§ **Work instructions**:
Write the listing out again word for word. Pictures do not belong in the copy.

§ **Data below**:
○ ○ ○ ○ ○

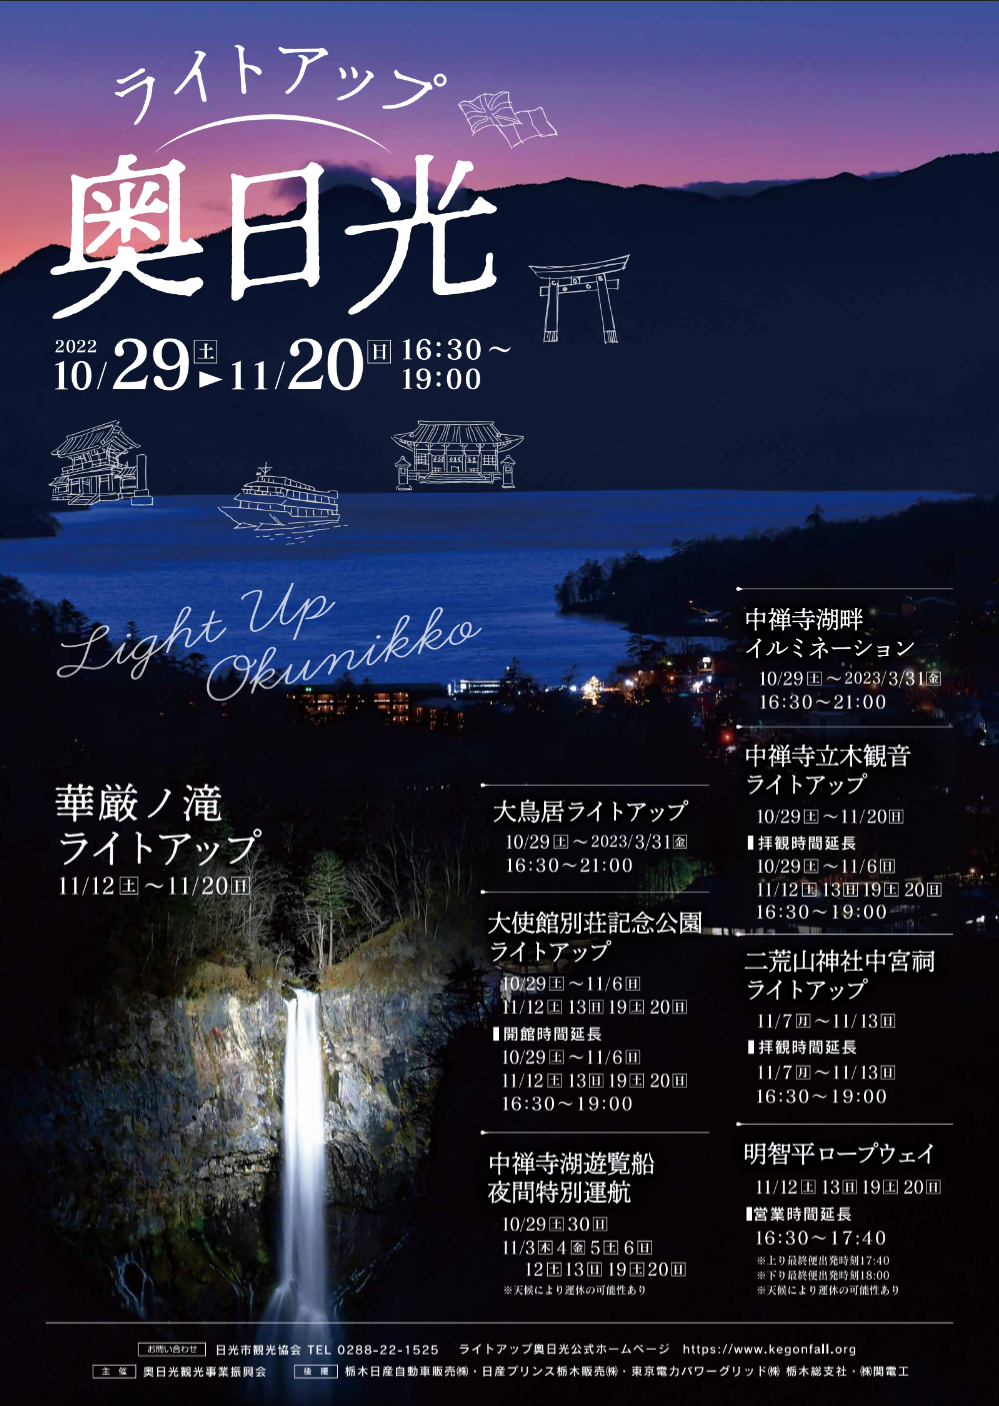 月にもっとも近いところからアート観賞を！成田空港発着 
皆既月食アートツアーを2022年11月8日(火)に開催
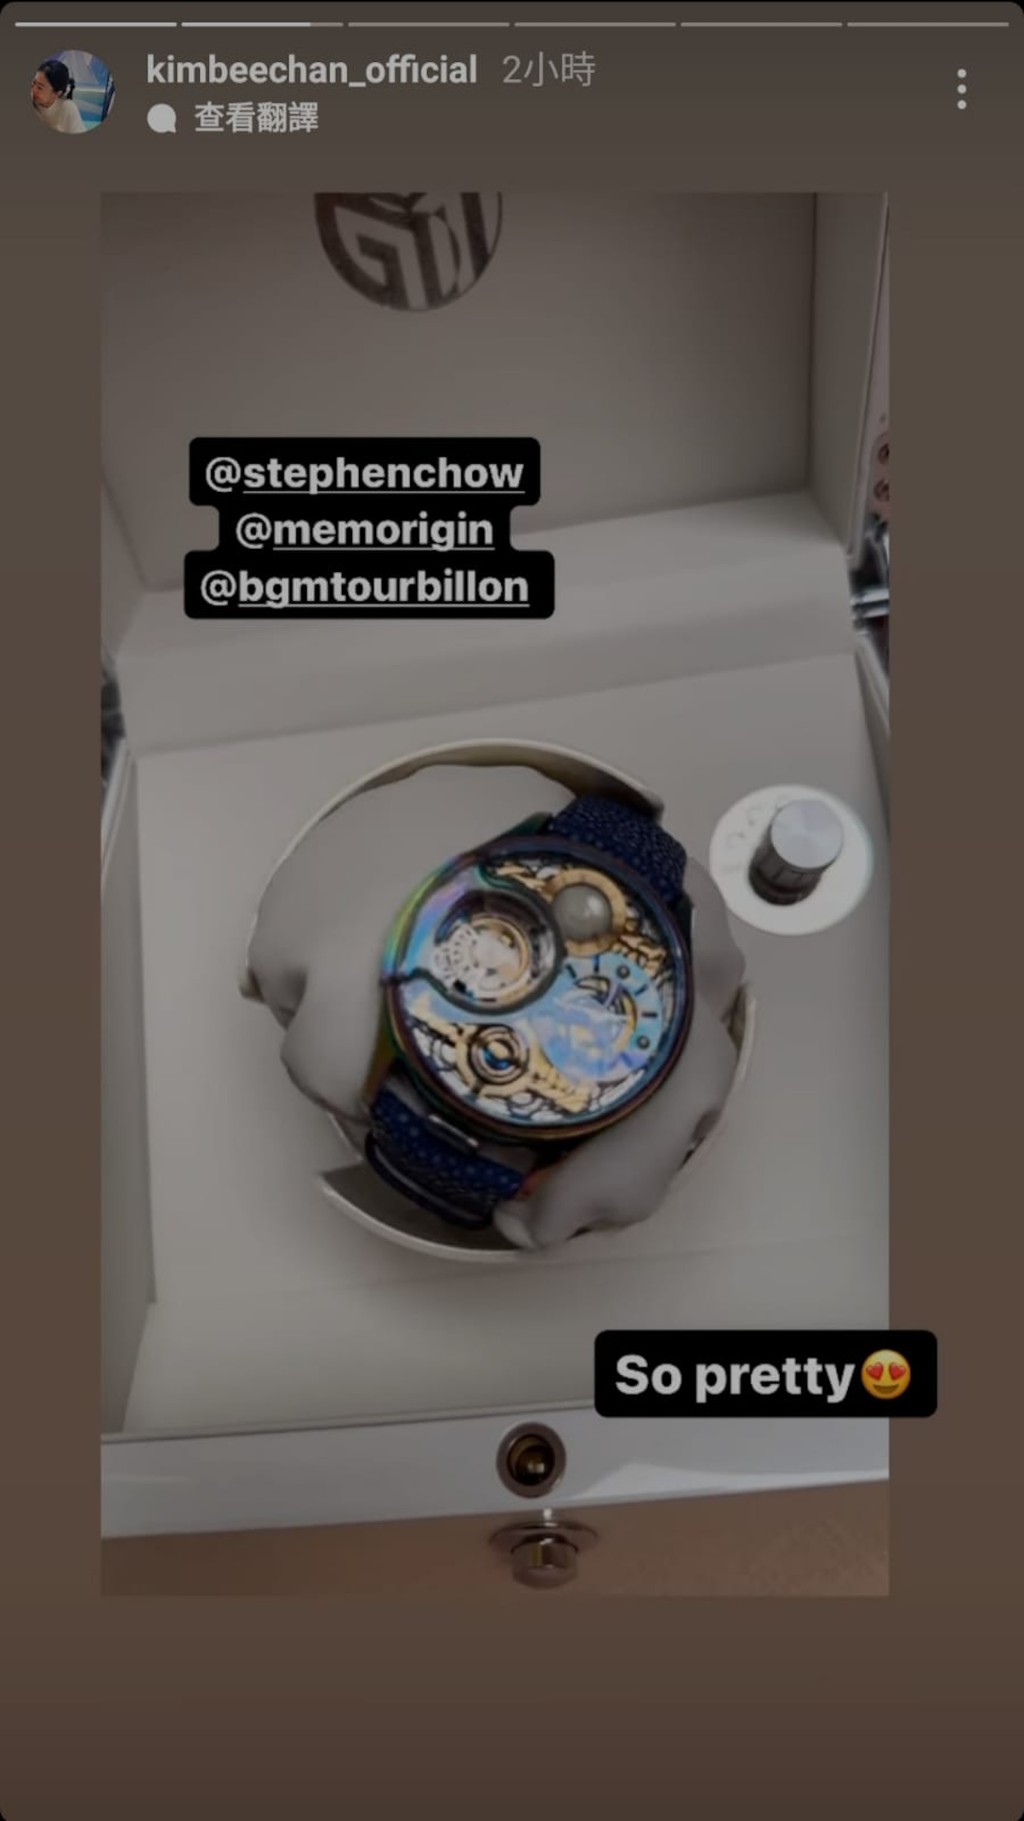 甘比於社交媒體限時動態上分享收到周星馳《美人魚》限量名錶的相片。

○ ○ ○ ○ ○

§ **Finished task**:
 月にもっとも近いところからアート観賞を！成田空港発着 
皆既月食アートツアーを2022年11月8日(火)に開催
 甘比於社交媒體限時動態上分享收到周星馳《美人魚》限量名錶的相片。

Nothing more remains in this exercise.